War nach dem Abschied von Conny richtig traurig, deshalb hab ich kurzfristig meine ganze Aufregung vergessen. Die kam aber ganz schnell wieder, als ich im Flugzeug einen ersten Blick auf das Land werfen konnte. War das beeindruckend: ein schmaler Landstreifen und im Hintergrund die schneebedeckten Gipfel der Anden!! Nun war ich bereit und freudig gespannt aufs Land meiner Traeume :o)

Am Flughafen hat mich Chris aus Goettingen angequatscht und somit hatte ich gleich eine Reisebegleitung fuer die ersten Tage. Nach dem Abladen unseres Gepaeck's im Casa roja ging es sofort auf einen kleinen Spaziergang durchs Viertel und in das Zentrum.

So viele kleine huebsche Cafes gibt es hier, kleine Bars und Pubs mit toller Musik und die Leute sind so nett: immer ein Laecheln im Gesicht...
Schwer lassen sich die ersten Eindruecke beschreiben. Auf jeden Fall ist die chilenische Atmosphaere so anders als in meinen bisherigen Reisezielen. Viele Gebaeude der Stadt wirken baufaellig, die Strassen sind teilweise katastrophal, aber was fuer einen Charme diese Stadt hat! Zugegeben einen recht herben auf den ersten Blick durch viele kommunistische Betonkloetzer, die mit huebschen Kirchen und Plaetzen zusammengewuerfelt sind. Manchmal hatte ich das Gefuehl in der Dresdner Neustadt zu bummeln.

Im Hostel gab es am Abend eine kleine Diashow ueber Chile. Dadurch habe ich gleich ein paar Infos bekommen, die mir helfen meine Reiseroute zusammen zu stellen.
Die naechsten Tage lasse ich hier erstmal ruhig angehen. Ich werde Informationen sammeln, spanisch lernen und mach mir ganz entspannt einen Plan fuer die naechsten vier Monate. Obwohl das eigentlich eine lange Zeit ist, wird es wieder viel zu wenig sein. Wen Du wuesstes, was mir schon wieder alles so vorschwebt: Atacamawueste, 4-taegige Schiffsfahrt in den Sueden nach Feuerland, Wandertracks in den Anden und in verschiedenen Nationalparks... ach ja!

Chris und ich waren dann gestern Abend noch was trinken, wo wir gleich super schnell Anschluss gefunden haben zu Chilenen. Mit Luis und Alesandra haben wir viele lustige Stunden verbracht. Hier gibt es Bier in 1-Liter-Flaschen, was gar nicht so schlecht schmeckt auch wenn es mir heute fast den ganzen Tag arg zugesetzte. Ich hatte einen Kater der schlimmsten Sorte, der ICH-SCHWOERE-NIE-WIEDER-ALKOHOL-ANZUFASSEN-Sorte!

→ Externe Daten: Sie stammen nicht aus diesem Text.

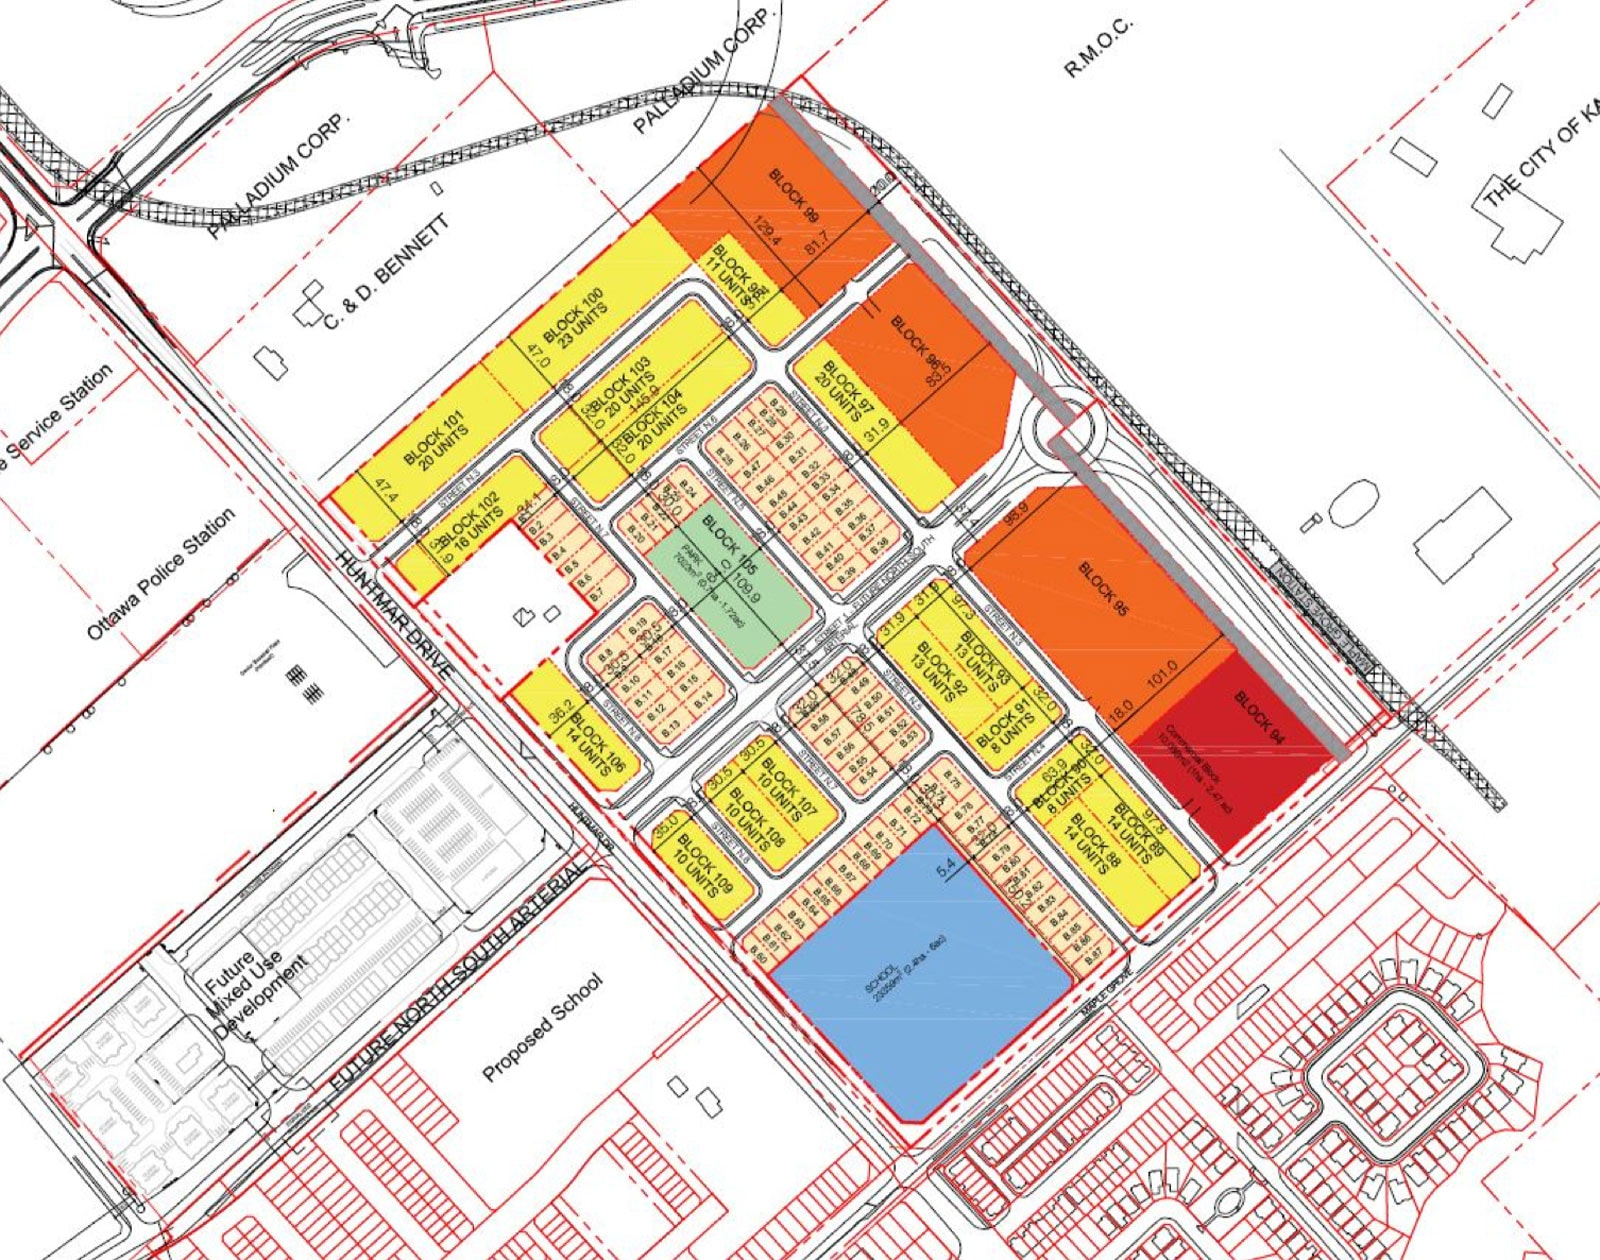 130 Huntmar Plan of Subdivision

Am Nachmittag kam Luis ueberraschenderweise im Hostel vorbei, welches uebrigens erste Sahne ist. Riesige Raeume, tolle Gemeinschaftszimmer, riesige Kueche, einen Hinterhof und nette Gaeste.

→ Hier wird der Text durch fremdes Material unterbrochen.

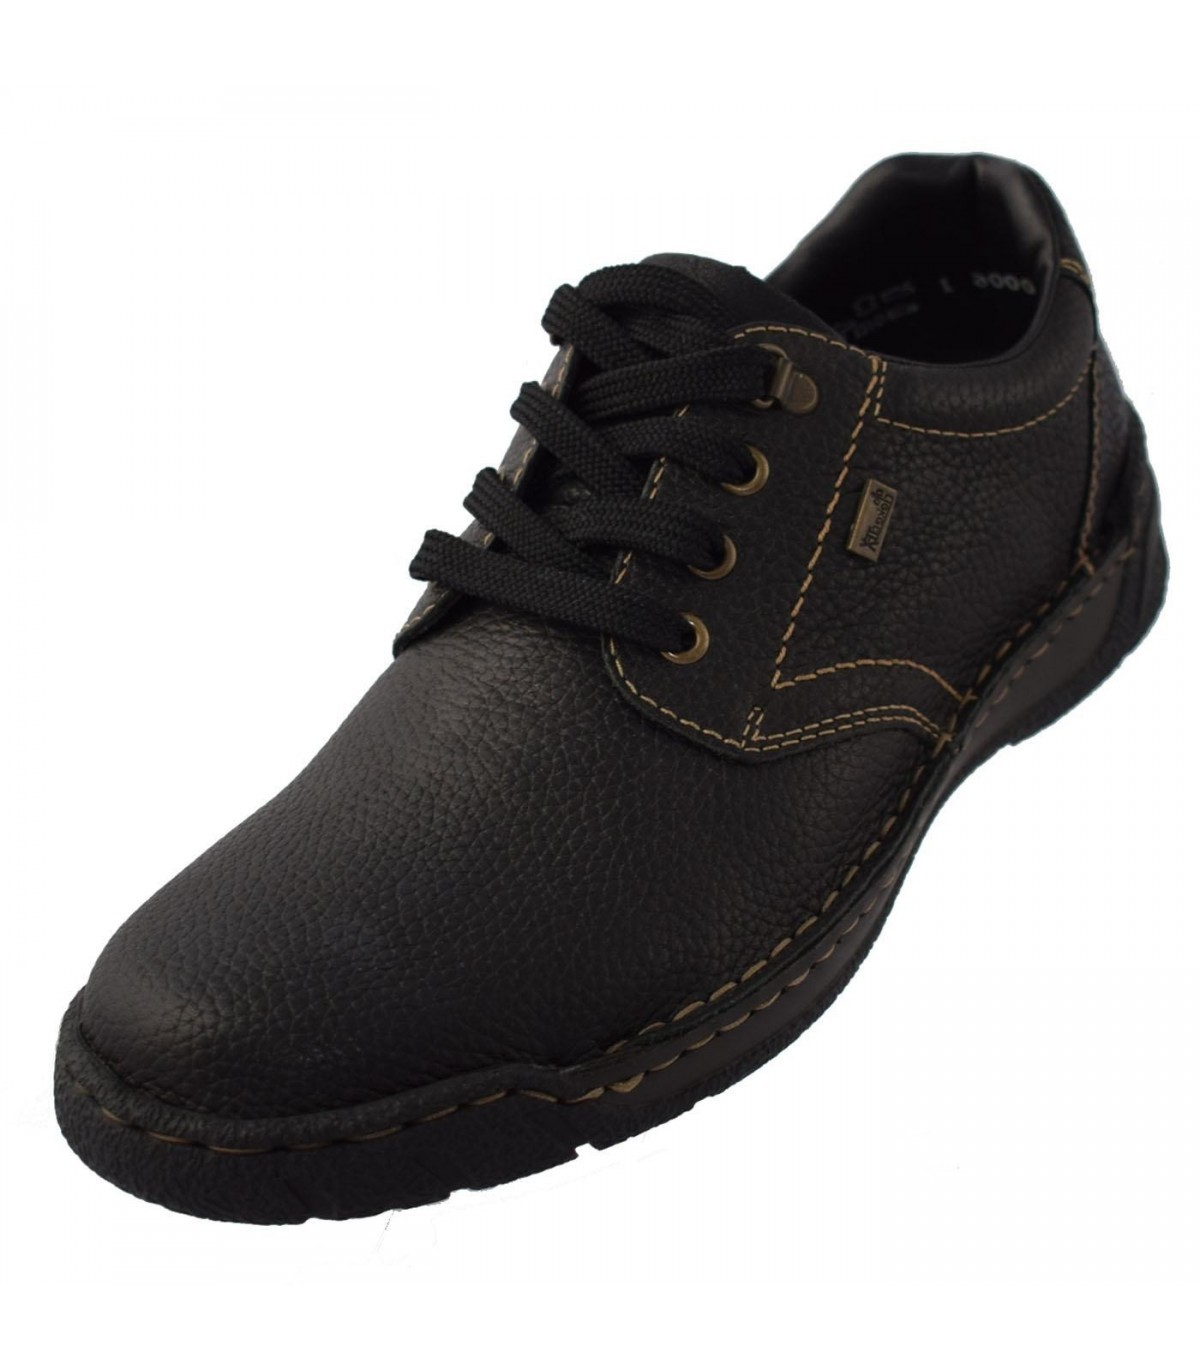 Pantofi Barbati Rieker 06357 Negru

Luis hat mir dann seine Stadt gezeigt, was fantastisch war. Wir sind ueberall gewesen, soviel gelaufen und haben tausend Sachen gesehen. Wir waren im Zentrum, auf dem Plaza de Armas, in der Paseo Huerfanos (einer Einkaufspassage), an geschichtlichen Plaetzen wie dem Plaza de la Constitution oder dem Ex Congreso National, in einer Ausstellung der Nationalbibliothek, an der Universitaet, auf einem innerstaedtischen Ausblick und natuerlich in mehreren Kathedralen. Ich habe natuerlich voellig den Ueberblick verloren und bin mir nicht sicher, wo sich das nun alles auf dem Stadtplan befindet.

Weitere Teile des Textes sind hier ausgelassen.